Sovranità e identità contro il tiranno globale

Fonte: Interesse Nazionale

…Ma se il pensiero corrompe il linguaggio,
anche il linguaggio può corrompere il pensiero.

George Orwell

Finché non diverranno coscienti della loro forza non si ribelleranno.
E, finché non si ribelleranno, non diverranno coscienti della loro forza.

George Orwell

Centosettant’anni dopo la celebre definizione di Metternich, l’Italia sembra tornata ad essere nulla più di “un’espressione geografica”. So che non si tratta di una valutazione accettata ma quel che io vedo, e che chiedo di confutare a chi vi riuscisse, è un Paese spogliato d’ogni sovranità e in crisi d’identità, con in tasca una moneta straniera, Berlino per capitale effettiva, un inglese impostore eletto a nuova madrelingua ed il relativismo culturale a sovrintender le menti in vece di religione di Stato.

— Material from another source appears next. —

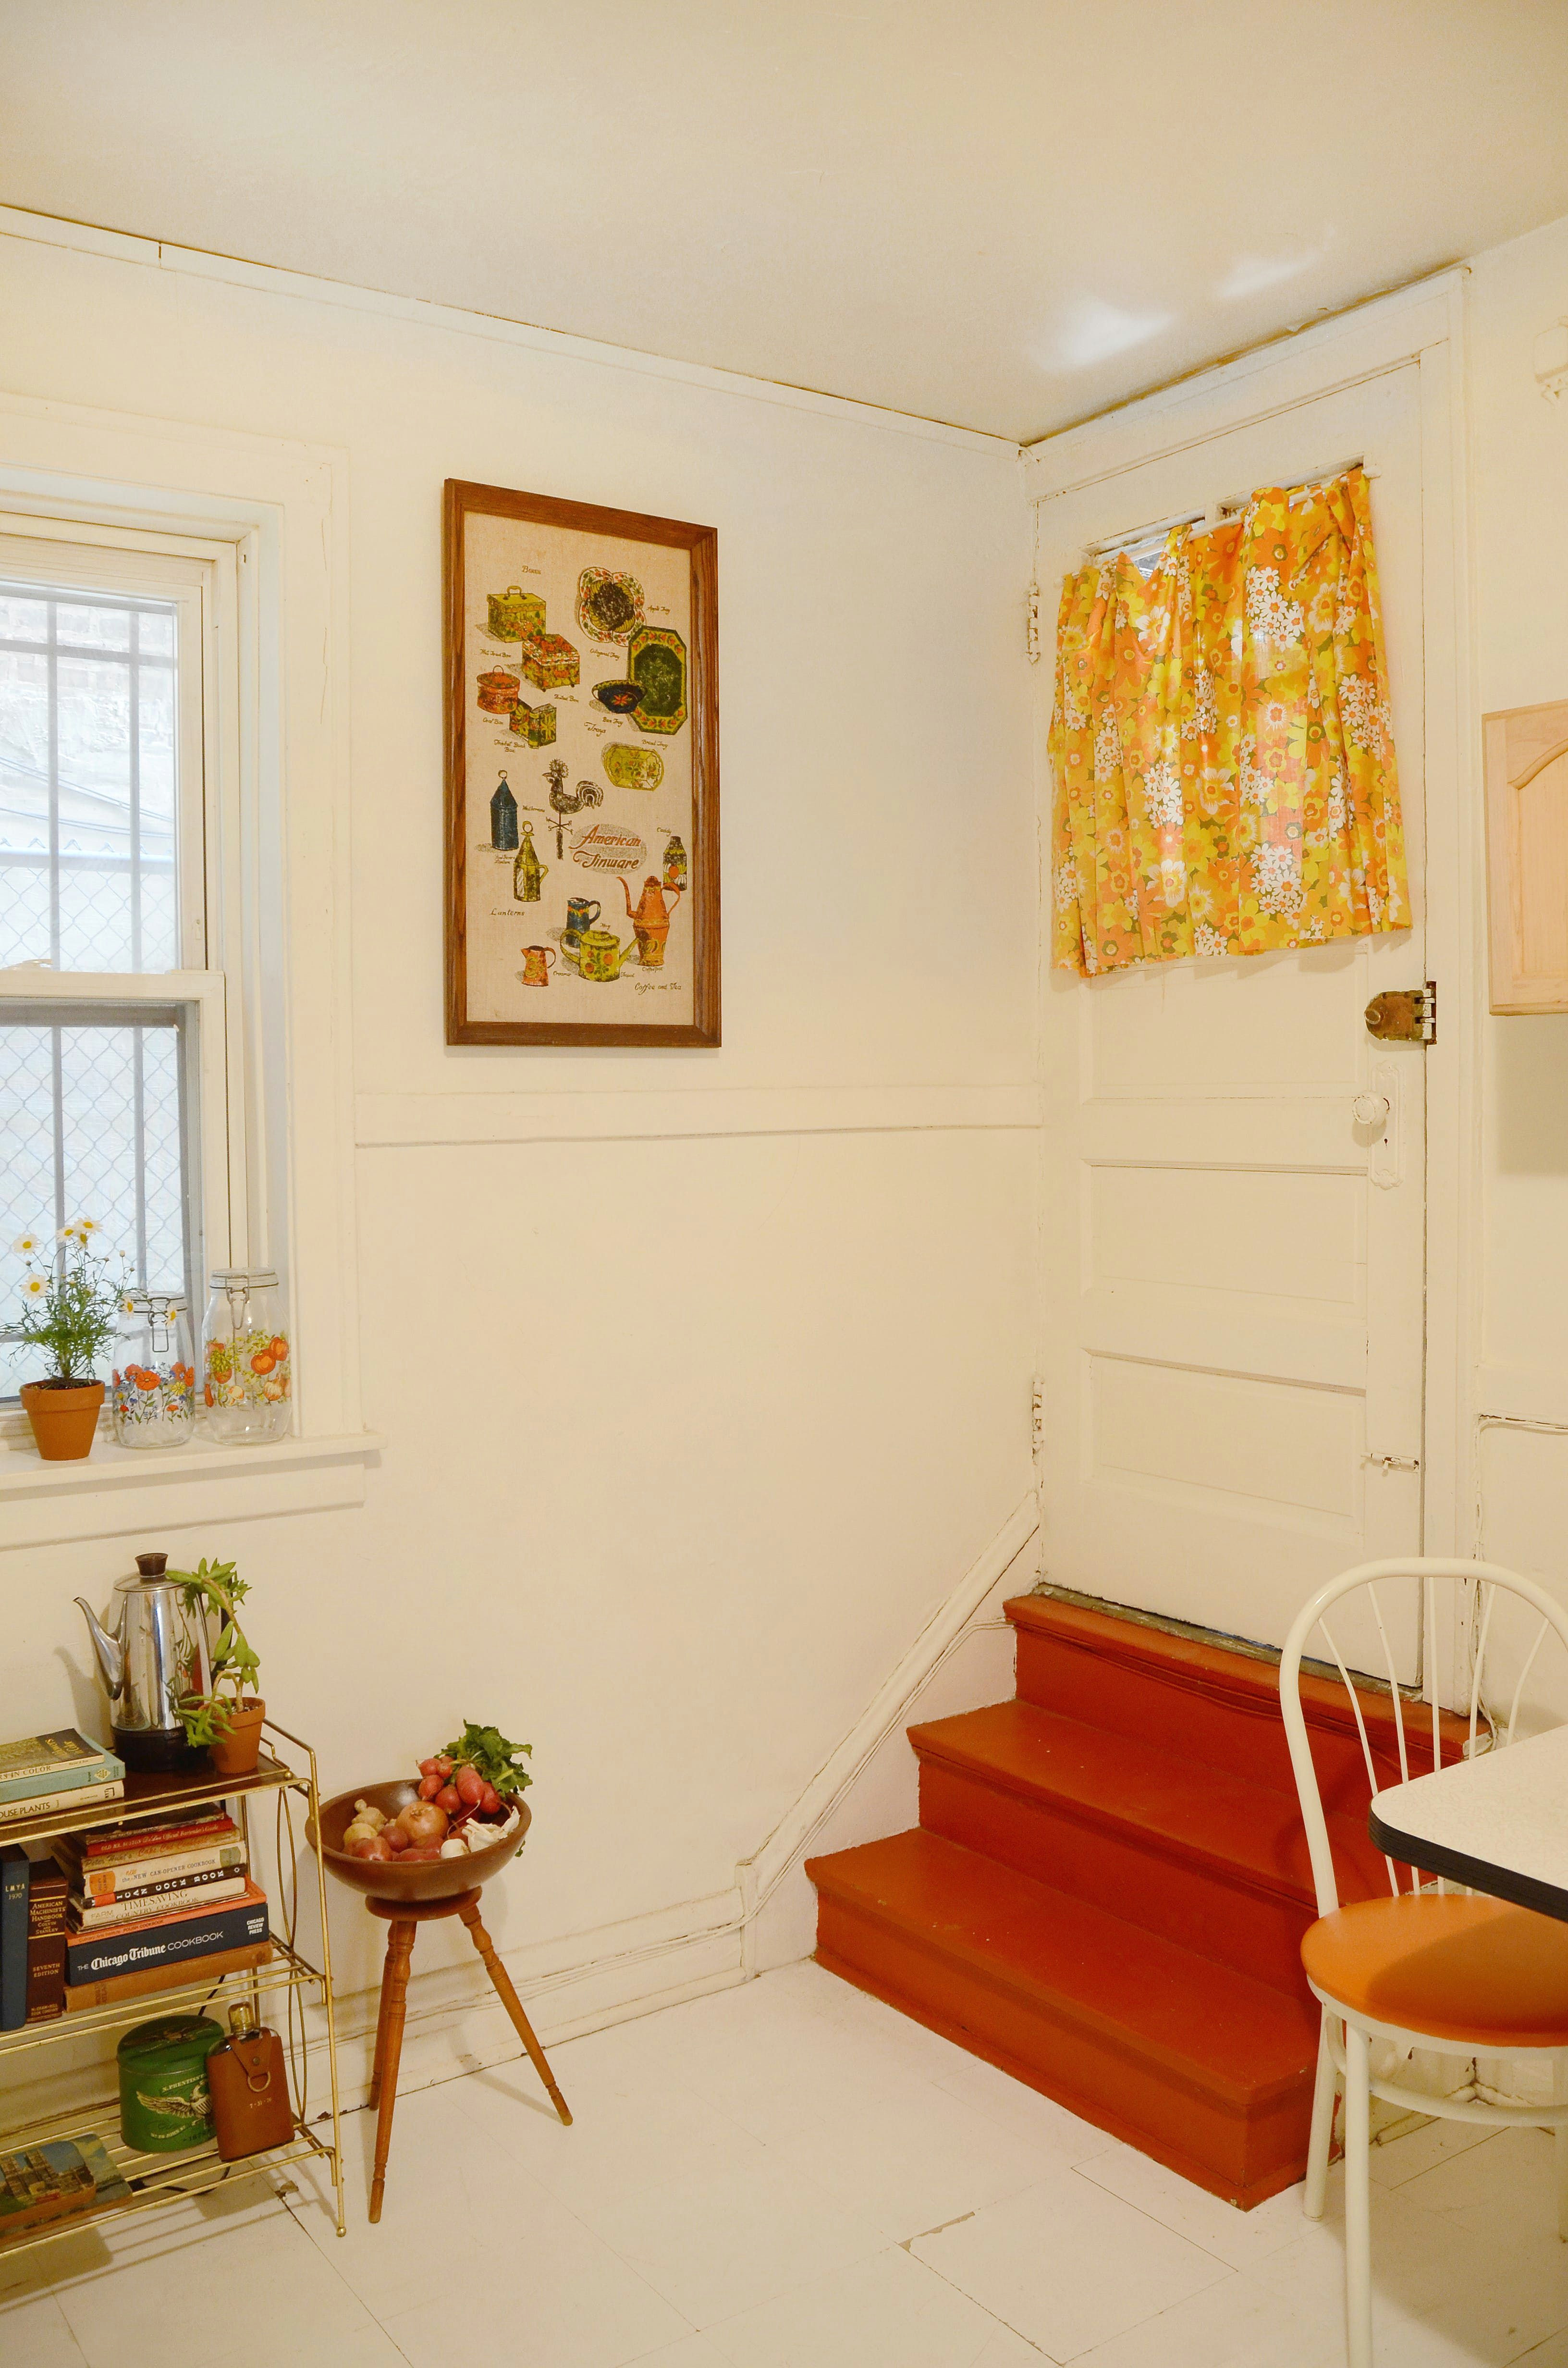 the curtains in the kitchen were made from fabric courtney found at an estate sale

Mi perdonerete se salto a pie’ pari il primo punto, ma dell’euro ho già scritto così tanto da rischiare la pedanteria. Basti ricordare che anche Vincenzo Visco, ex ministro delle Finanze di Romano Prodi, ha ora dovuto ammettere, in palese contrasto alla narrazione tuttora egemone a sinistra, che la moneta unica è “un marco tedesco sottovalutato”.

Per quanto iperbolica, dubito poi che la pur fastidiosa immagine di Berlino capitale richieda spiegazioni particolarmente approfondite. Come noto, infatti, la lunga stagione italiana dei governi tecnici, cominciata nell’estate del 2011 e temo ancora lontana dall’auspicabile fine, fu conseguenza di una violenta impennata dello spread, innescata, guarda caso, da una maxi-vendita dei Btp fin lì gelosamente conservati nelle casseforti di Germania. Fu la Cancelliera Merkel in persona poi, una volta vinta la campagna d’estate dello spread, a dichiarare ufficiosamente il “protettorato tedesco”, dettando punto per punto l’agenda politica di Roma con la famigerata formula – evoluzione delle antiche condizioni di pace – dei “compiti a casa”. Da allora Berlino dispone, magari per mezzo dei suoi ventriloqui di Bruxelles, e Roma esegue, vergando con le lacrime e il sangue degli italiani quaderni su quaderni di “compiti a casa”…

Desidero tuttavia far notare che alla docile accettazione del giogo tedesco è andato aggiungendosi, da qualche tempo, uno spettacolo altrettanto mortificante, ma ancor meno comprensibile: l’oblio organizzato della lingua italiana, ovvero dell’ultimo retaggio ancora intatto della nostra identità nazionale.

Con una decisione giudicata oltraggiosa persino dall’Accademia della Crusca, il Ministero dell’Università e della Ricerca guidato da Valeria Fedeli ha infatti stabilito che i Progetti di Ricerca di Interesse Nazionale (Prin) che ambiscano al finanziamento pubblico dovranno essere scritti in inglese, tollerando tuttavia che i candidati che lo desiderino alleghino alla domanda una copia sussidiaria in italiano. E’ dunque vero, come ha subito protestato il ministero, che “è scorretto dire che la lingua italiana sia stata bandita”. In effetti è stata solo degradata, in Italia, al rango di una lingua complementare e facoltativa.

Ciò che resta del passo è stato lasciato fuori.